Vitamins and Minerals


Both vitamins and minerals are micronutrients. Most UNprocessed foods have both of these necessary factors "built in" so to speak. But processed foods often do not. It is important to realize that these micronutrients play a vital role in our health.


Vitamins are all organic compounds that will each aid or is necessary for various physiologic functions and processes. Vitamins are NOT and energy source like our macronutrients - but they often play a role in the break down of those nutrients in order for our body to utilize them. Vitamins come in two varieties or classifications: water-soluble vitamins and fat-soluble vitamins.

Fat-Soluble Vitamins are stored in your body's cells that are rich in lipids (fats).
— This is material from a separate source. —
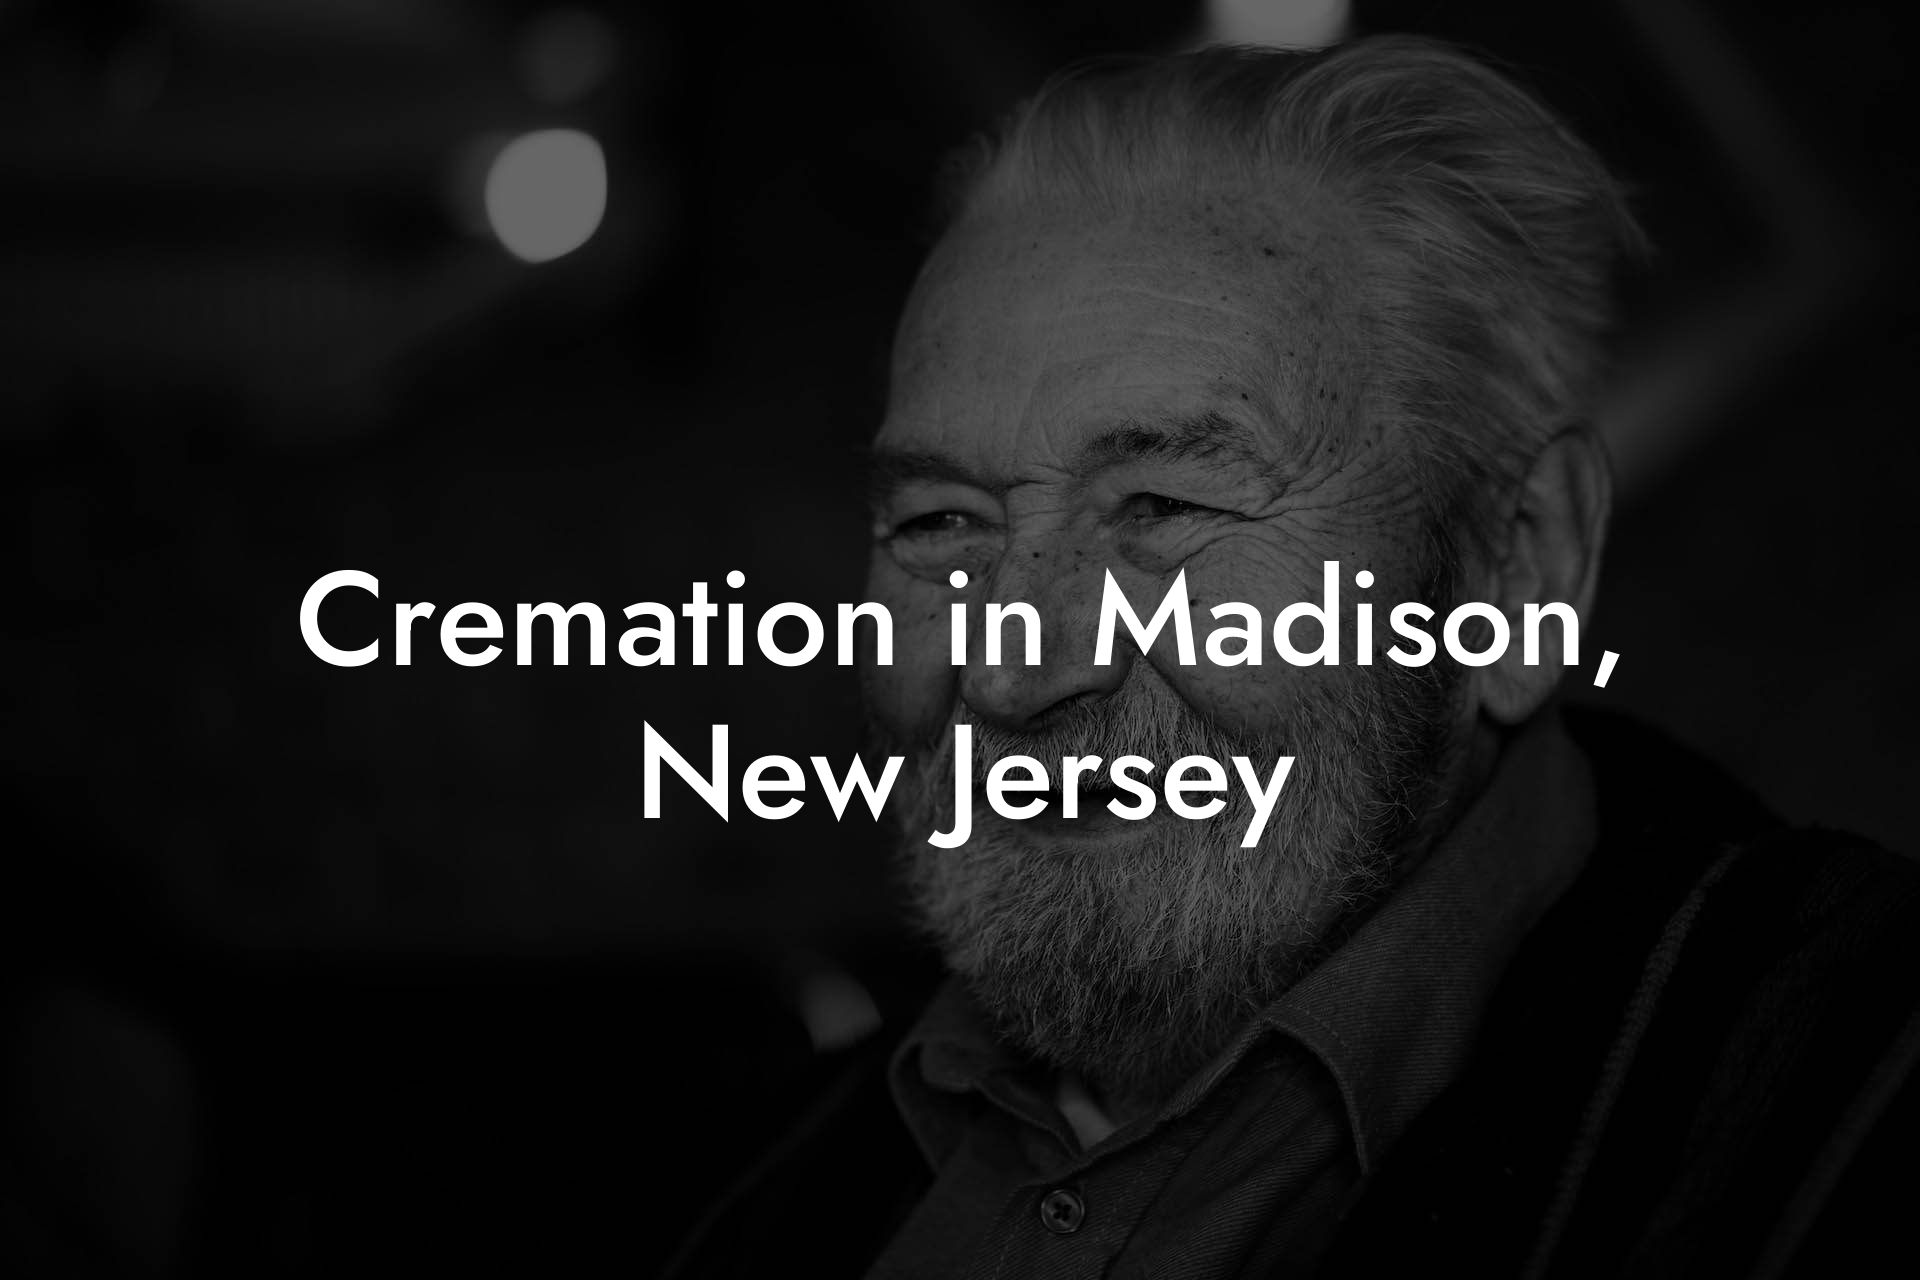 Cremation in Madison, New Jersey

Remember that "likes dissolve likes" for solubility rules and fat-soluble vitamins are almost completely hydrocarbons made up of just carbon and hydrogen. The main vitamins that are in this class are vitamins A, D, E, and K. Your body does not readily "dispense" with these compounds in that the hydrophobicity and non-polar nature allows them to harbor in your lipid-rich tissues. Therefore they CAN be taken in excess and your body will build to unhealthy levels leading to very unpleasant symptoms like fatigue, headache, and blurred vision - too much of a good thing here. Too much can also be taxing on your liver. Too much vitamin D can lead to heart and kidney damage. Vitamin A will dimerize (add to itself) and convert to beta-carotene which is totally a hydrocarbon with no oxygens and is therefore fat-soluble.

Water-Soluble Vitamins are easily dissolved in your aqueous fluids and any excess is easily excreted in the urine. They are not stored in the body in any significant way. Because of this high solubility, you must constantly eat foods that provide these vitamins (or take supplements). The water-soluble vitamin set are vitamin C and the whole set of B-vitamins, know as the vitamin B complex which includes B1 (thiamin), B2 (riboflavin), B3 (niacin), B5 (pantothenic acid), B6 (pyridoxine), B7 (biotin), B9 (folic acid), and B12 (cobalamins).


Minerals is another way to really just say ionic compounds. In general, minerals are really the way we get essential elements into our diet. All these elements eventually get incorporated into various physiological pathways and like vitamins, play a crucial role. We break this category down into 3 sub-classifications.

  • Macrominerals: Ca, P, Cl, K, S, Na, and Mg. You will need about 1-2 grams of these each day. Remember, I list this as elements, but they exist and enter your body as the common ions of these elements in the form of a salt or ionic compound.
  • Microminerals: Fe, Cu, and Zn. You need iron to have healthy and functioning blood - specifically your red blood cells that are rich in hemoglobin which depends on iron in order to function. Quantity-wise, you only need 10-100 mg of these each day.
  • Trace Minerals: I, F, Se, V, Cr, Mn, Co, Ni, Mo, B, Si, and Sn. Trace means that only a trace is needed - like in the microgram (µg or mcg) range.

Below is a little periodic table that highlights all the elements (minerals) that are essential for proper health.

The biggest of all the minerals is Ca and P. Why? Those are the primary elements that make your bones. So percentage-wise, Ca and P are in your body in the highest weight percent compared to all the other elements.